* [ACTIVITY]: The expected result is an exact restatement of the data, free of pictures.

[INFORMATION PROVIDED]

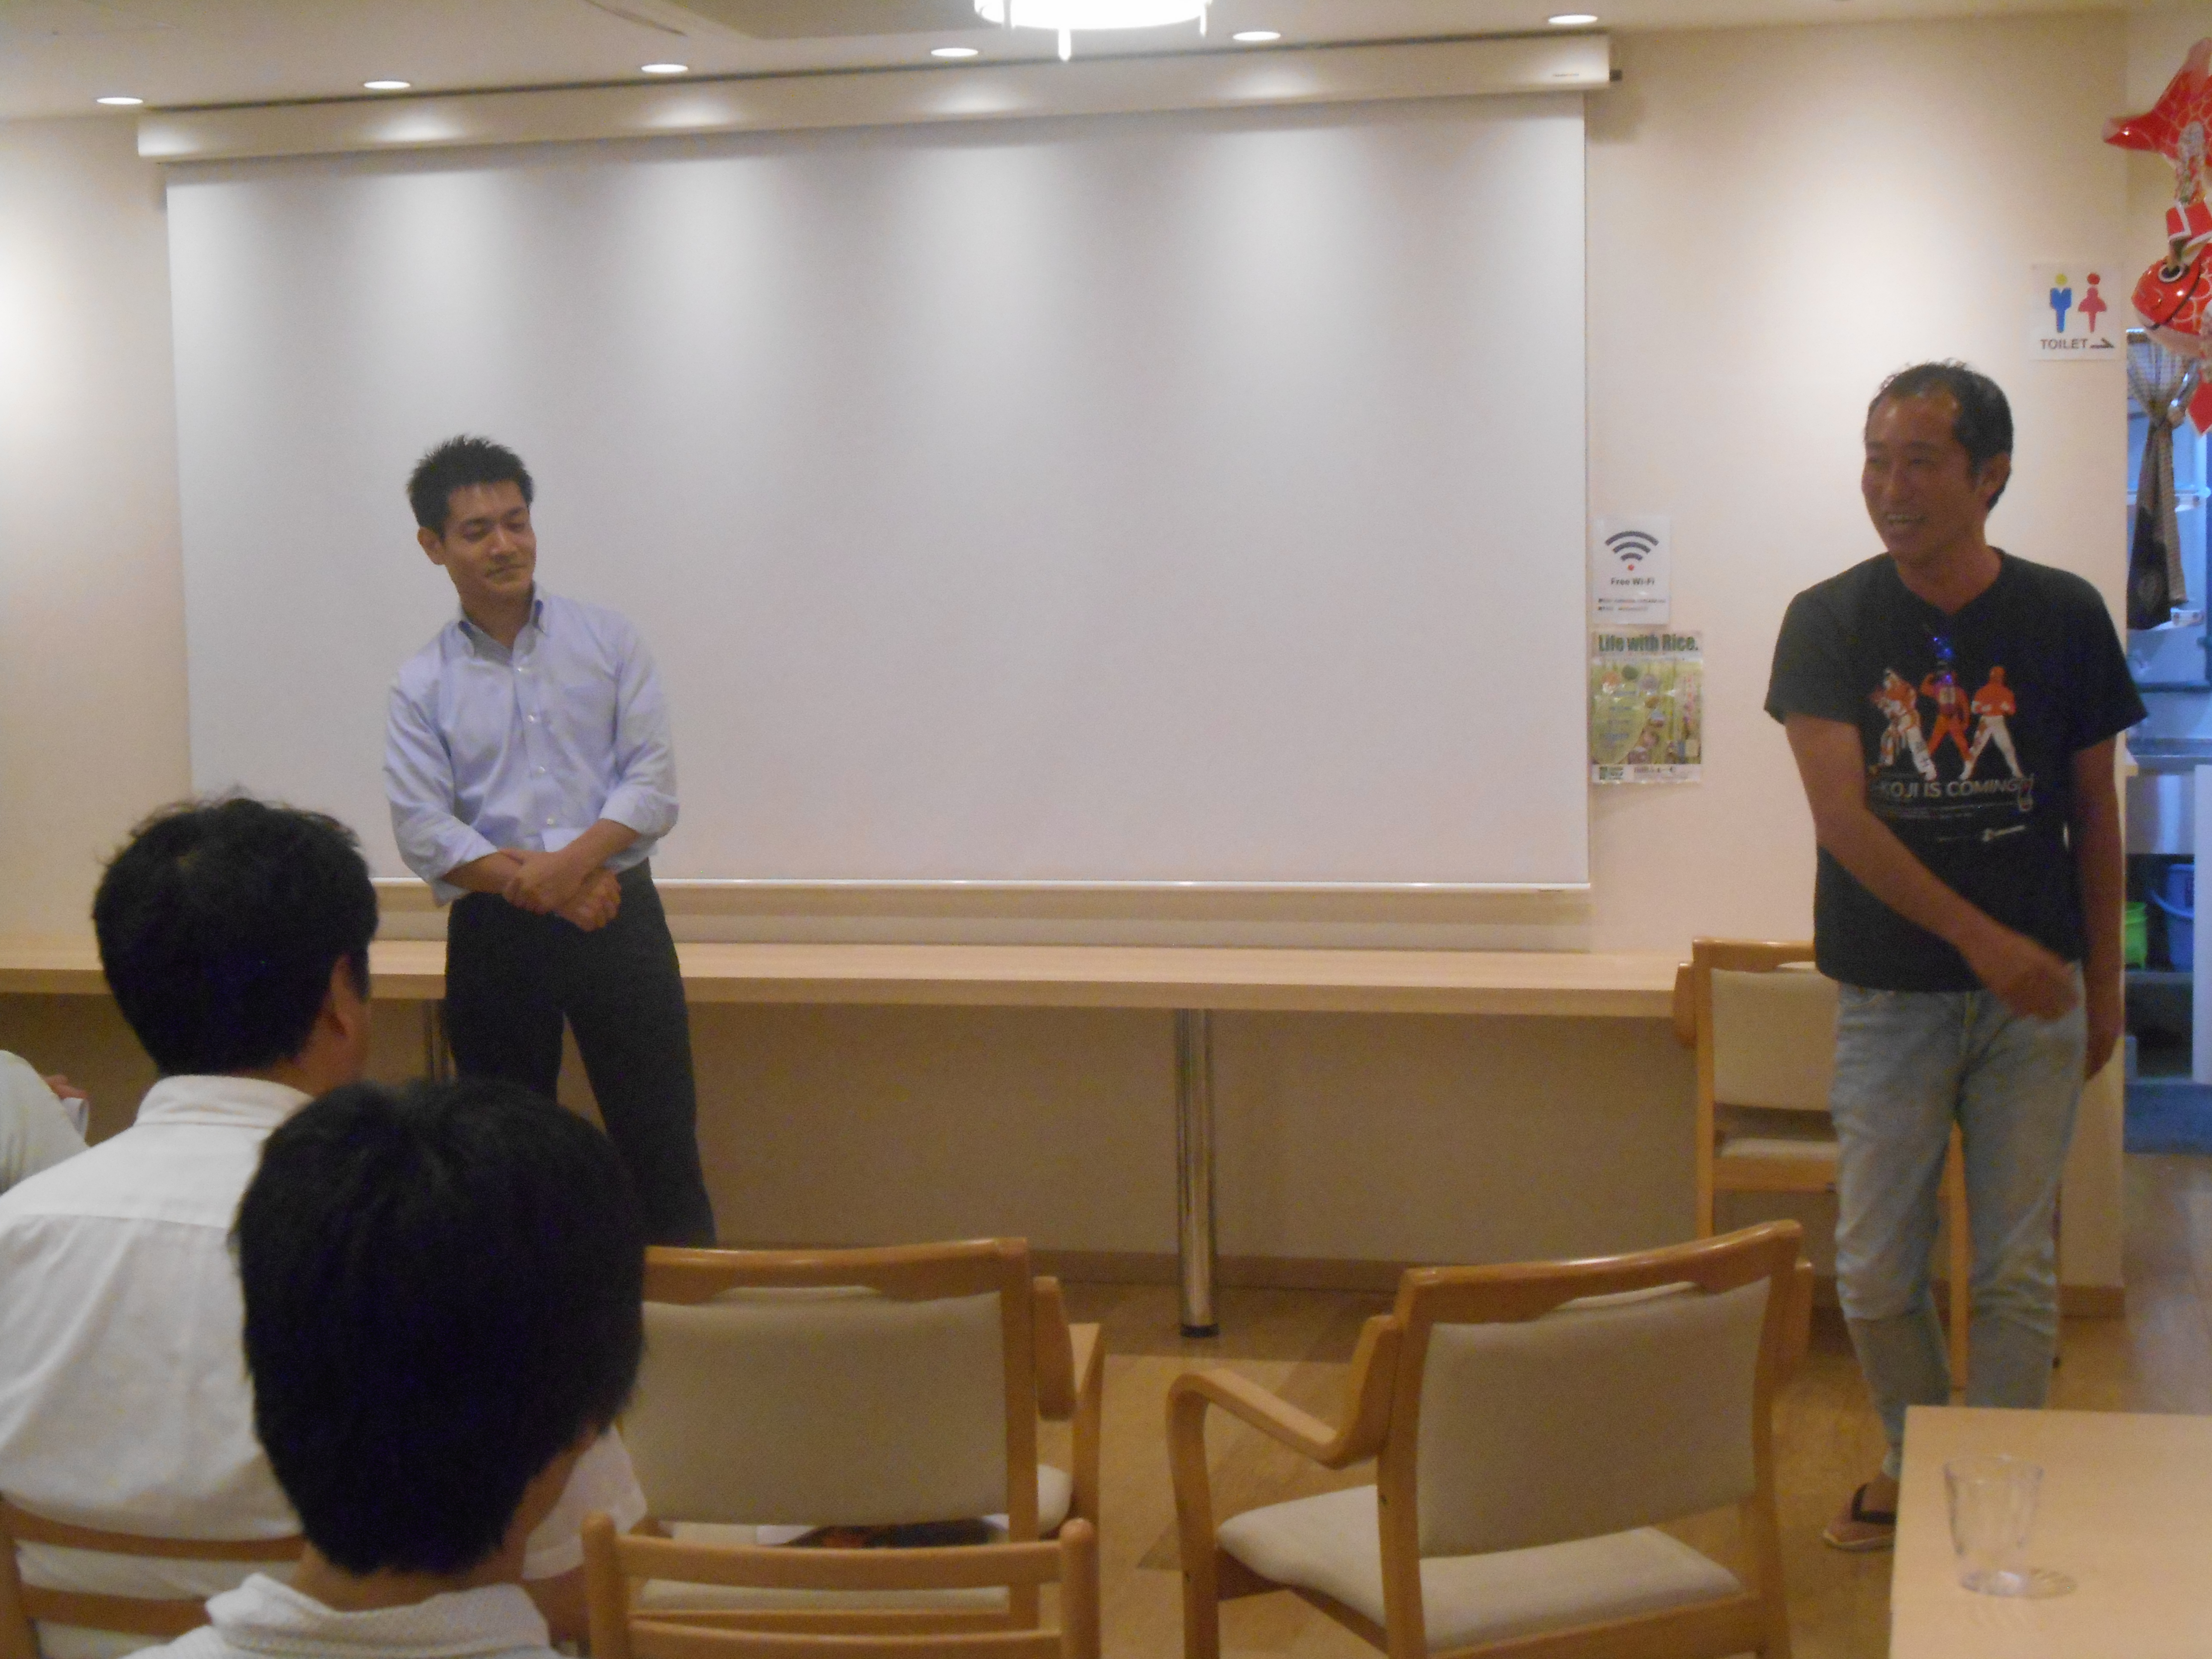 DSCN1897 - AoMoLink〜赤坂〜の第2回勉強会&交流会開催します。
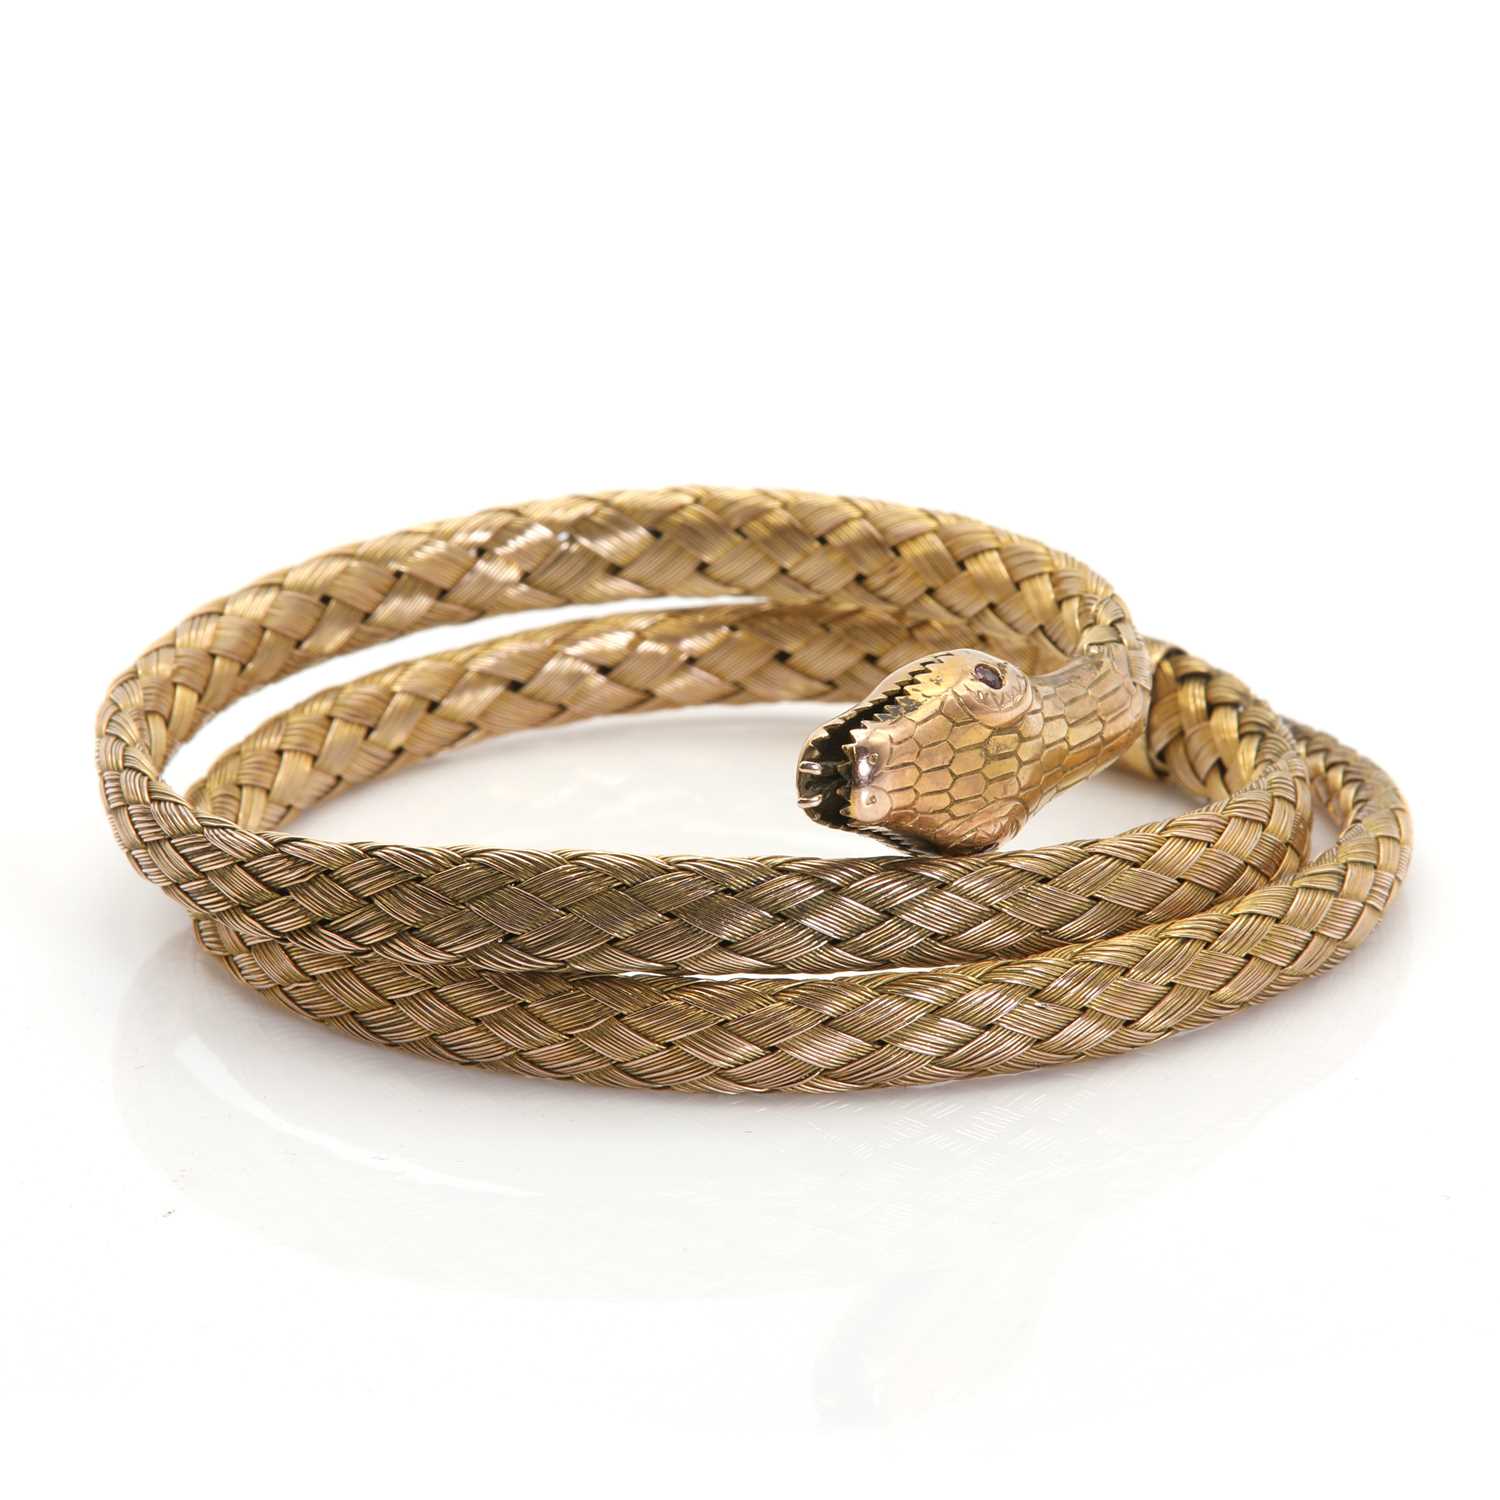 A gold coiled snake flexible bangle,
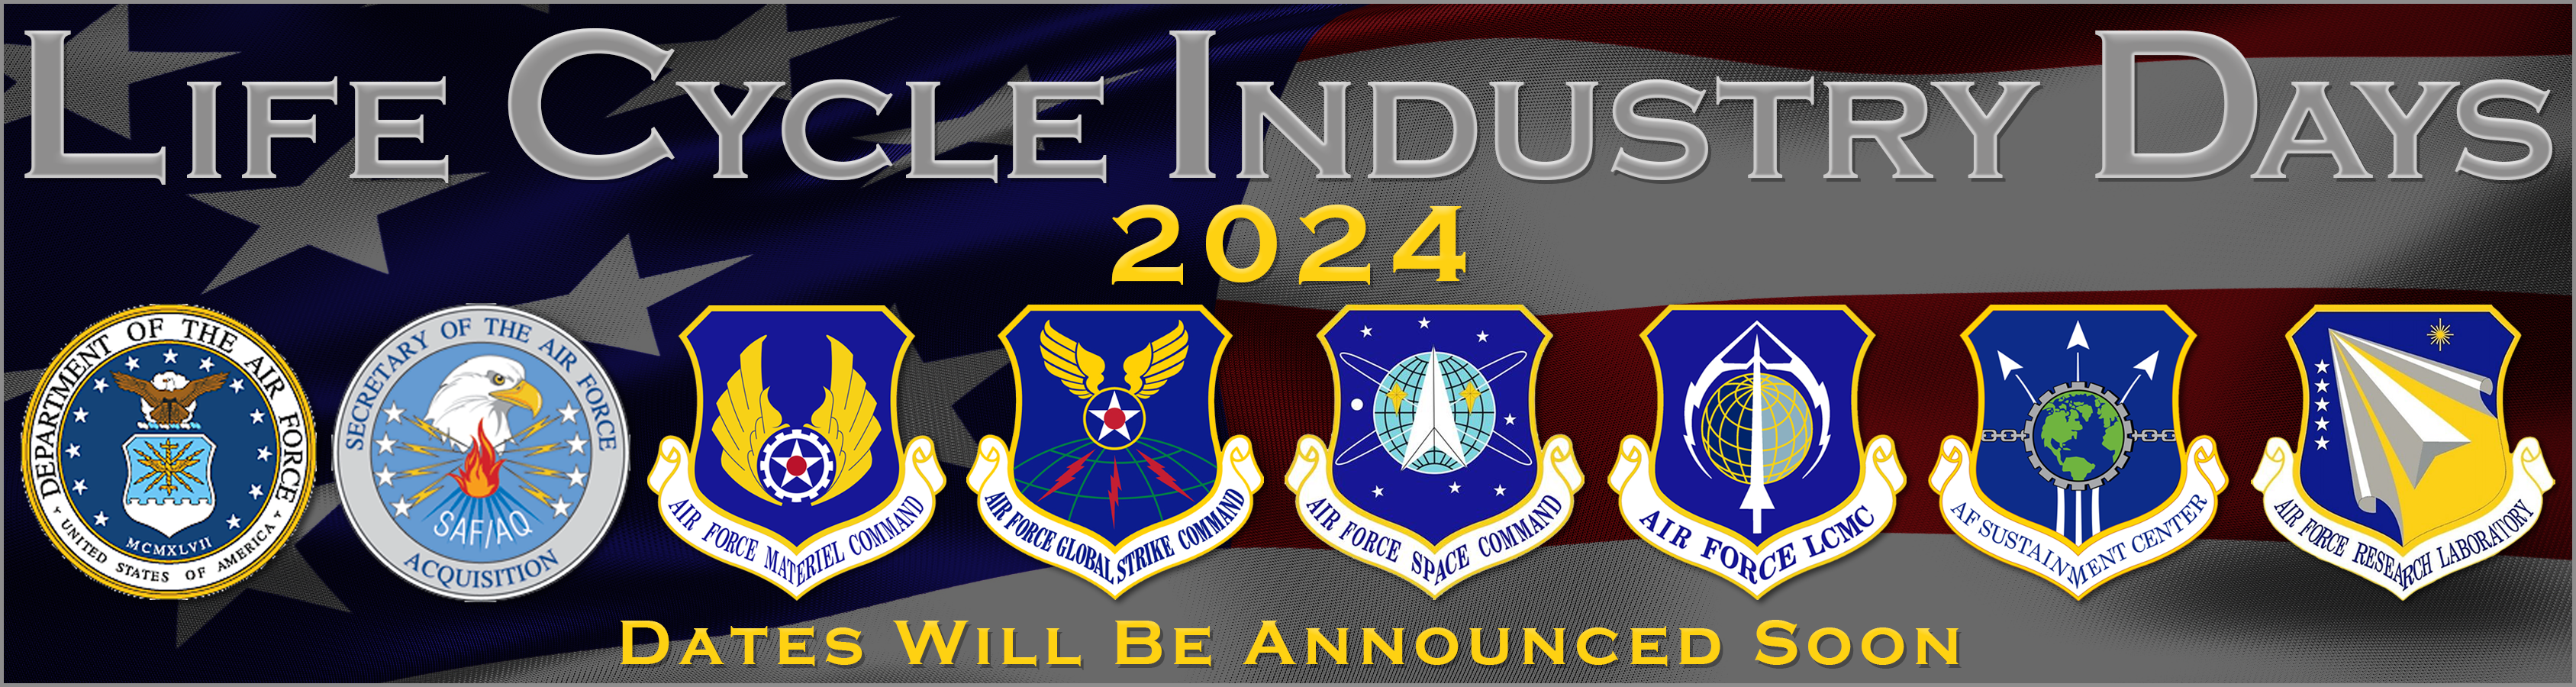 LCID 2024 banner

[/INFORMATION PROVIDED]

* [SOLUTION TO THIS EXERCISE]:
 DSCN1897 - AoMoLink〜赤坂〜の第2回勉強会&交流会開催します。
 A gold coiled snake flexible bangle,
 LCID 2024 banner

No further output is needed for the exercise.